Once you are connected, you will see a desktop GUI that allows you to install and use full-fledged web-browsers or any other tool that is available for Ubuntu. Within the `Tools` folder on the desktop, you will find a collection of install scripts that makes it straightforward to install some of the most commonly used development tools, such as Atom, PyCharm, R-Runtime, R-Studio, or Postman (just double-click on the script).

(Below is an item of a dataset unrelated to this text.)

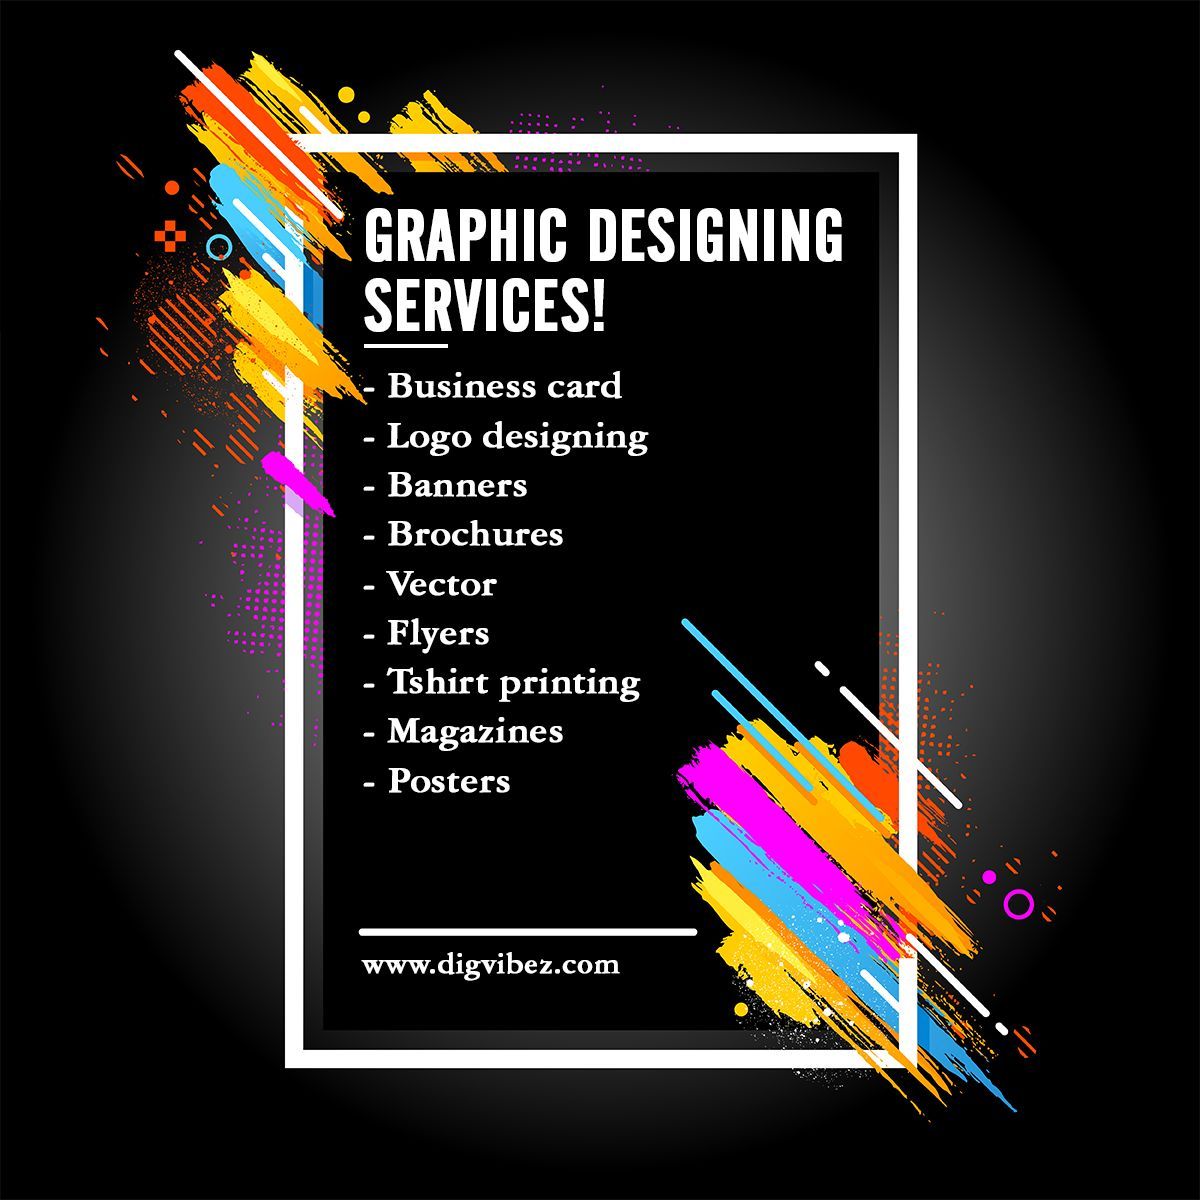 Category: Creative and Design Services

**Clipboard:** If you want to share the clipboard between your machine and the workspace, you can use the copy-paste functionality as described below:
> 💡 _**Long-running tasks:** Use the desktop GUI for long-running Jupyter executions. By running notebooks from the browser of your workspace desktop GUI, all output will be synchronized to the notebook even if you have disconnected your browser from the notebook._
### Visual Studio Code
[Visual Studio Code](https://github.com/microsoft/vscode) (`Open Tool -> VS Code`) is an open-source lightweight but powerful code editor with built-in support for a variety of languages and a rich ecosystem of extensions. It combines the simplicity of a source code editor with powerful developer tooling, like IntelliSense code completion and debugging. The workspace integrates VS Code as a web-based application accessible through the browser-based on the awesome [code-server](https://github.com/cdr/code-server) project. It allows you to customize every feature to your liking and install any number of third-party extensions.


### Git Integration
Version control is a crucial aspect of productive collaboration. To make this process as smooth as possible, we have integrated a custom-made Jupyter extension specialized on pushing single notebooks, a full-fledged web-based Git client ([ungit](https://github.com/FredrikNoren/ungit)), a tool to open and edit plain text documents (e.g., `.py`, `.md`) as notebooks ([jupytext](https://github.com/mwouts/jupytext)), as well as a notebook merging tool ([nbdime](https://github.com/jupyter/nbdime)). Additionally, JupyterLab and VS Code also provide GUI-based Git clients.
#### Clone Repository
For cloning repositories via `https`, we recommend to navigate to the desired root folder and to click on the `git` button as shown below:
This might ask for some required settings and, subsequently, opens [ungit](https://github.com/FredrikNoren/ungit), a web-based Git client with a clean and intuitive UI that makes it convenient to sync your code artifacts. Within ungit, you can clone any repository. If authentication is required, you will get asked for your credentials.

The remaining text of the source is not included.